The political backlash was swift: The director general of public health in Paris was fired and later, the national minister of health later lost his job, too. National officials also established a series of measures — from requiring air conditioning in retirement homes to issuing heat alerts to the public before temperatures spike to ensuring adequate personnel coverage in hospitals during summer vacations — that are still in place today.
Contrary to France, it is unlikely that a time will ever come when extreme heat is apolitical in the U.S. “It’s become politically anathema on the right to say that heat is dangerous because it’s tied so closely to climate change,” Keller said. “There’s every incentive to trivialize it.” This summer, the federal Occupational Safety and Health Administration, or OSHA, unveiled a proposal that would require employers to provide breaks and water for their employees. A top Republican lawmaker said OSHA’s proposed rule was “one of the most idiotic things they’ve ever done.”
In the U.S., science rarely trumps political intractability. But money can often do what climate projections cannot.
Ulrich, with 10 Across, said that FEMA recently agreed to engage in an emergency scenario exercise with the officers in the Ten Across network. The goal of the exercise is to “help local governments determine process flow and coordination with FEMA before, during, and after extreme heat events.” One of the reasons why FEMA has been slow to respond to heat waves is that heat, unlike hurricanes or flooding, rarely causes widespread physical damage to infrastructure. It’s hard to write a check for heat — its toll is largely invisible. But as temperatures rise, the costs of confronting heat will also increase. Hospitals will reach capacity, morgues will overflow, cars will overheat, roads will melt, train tracks will swell and warp. FEMA’s participation in the emergency scenario exercise suggests that the agency is willing to engage with heat officers as it mulls over how to reimburse states for losses incurred during heat waves.

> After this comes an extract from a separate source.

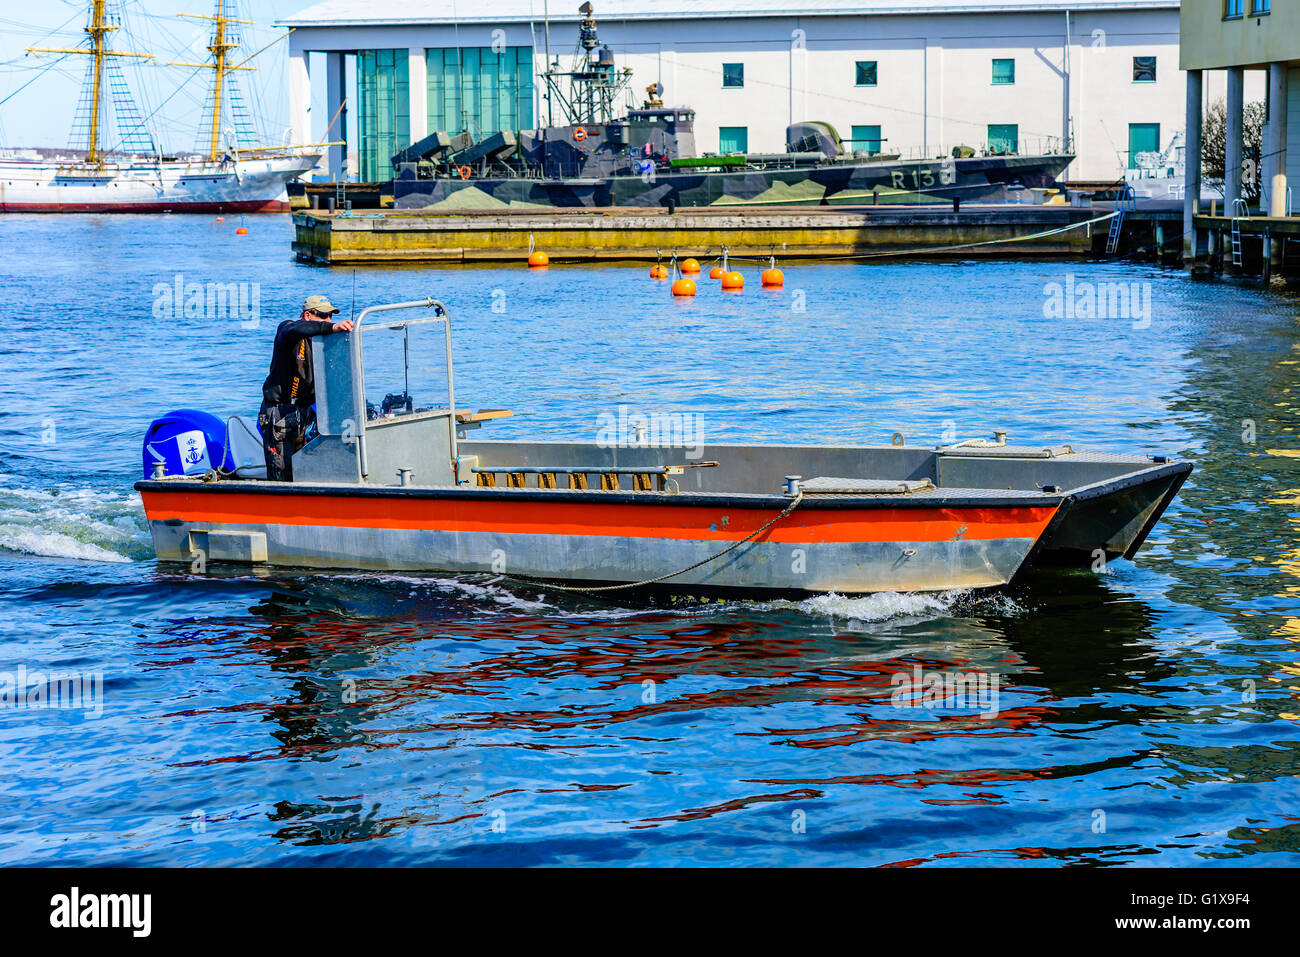 Karlskrona, Sweden - May 3, 2016: Male person driving an open motorboat through the canal with the maritime museum in the backgr Stock Photo

“As with all severe weather events, FEMA works with communities on a case-by-case basis,” an agency spokesperson told Grist. “If there were to be a scenario where an extreme heat incident potentially exceeded state and local capacity, and a request for either an emergency or major disaster declaration was submitted, it could be considered and if approved it could reimburse the state for eligible costs.”
If FEMA establishes a formula, state officials of all political stripes will likely come calling. Republican-led states seek disaster relief aid following hurricanes and other extreme weather events, even as their elected representatives publicly decry government spending on FEMA and climate action. There’s no reason to think heat will be any different.
Chief heat, sustainability, and resilience officers could play a critical role in helping states figure out how to use this funding effectively. These officers are already puzzling out how to lessen the impacts of extreme heat on the public using the fewest dollars possible. They also know the heat is getting worse, that America is unprepared, and that someday, the public will demand answers. “We know that political winds change,” Segura said. When it comes to heat, it’s not a matter of if, she said, it’s a matter of when.
This post was updated with a comment from FEMA.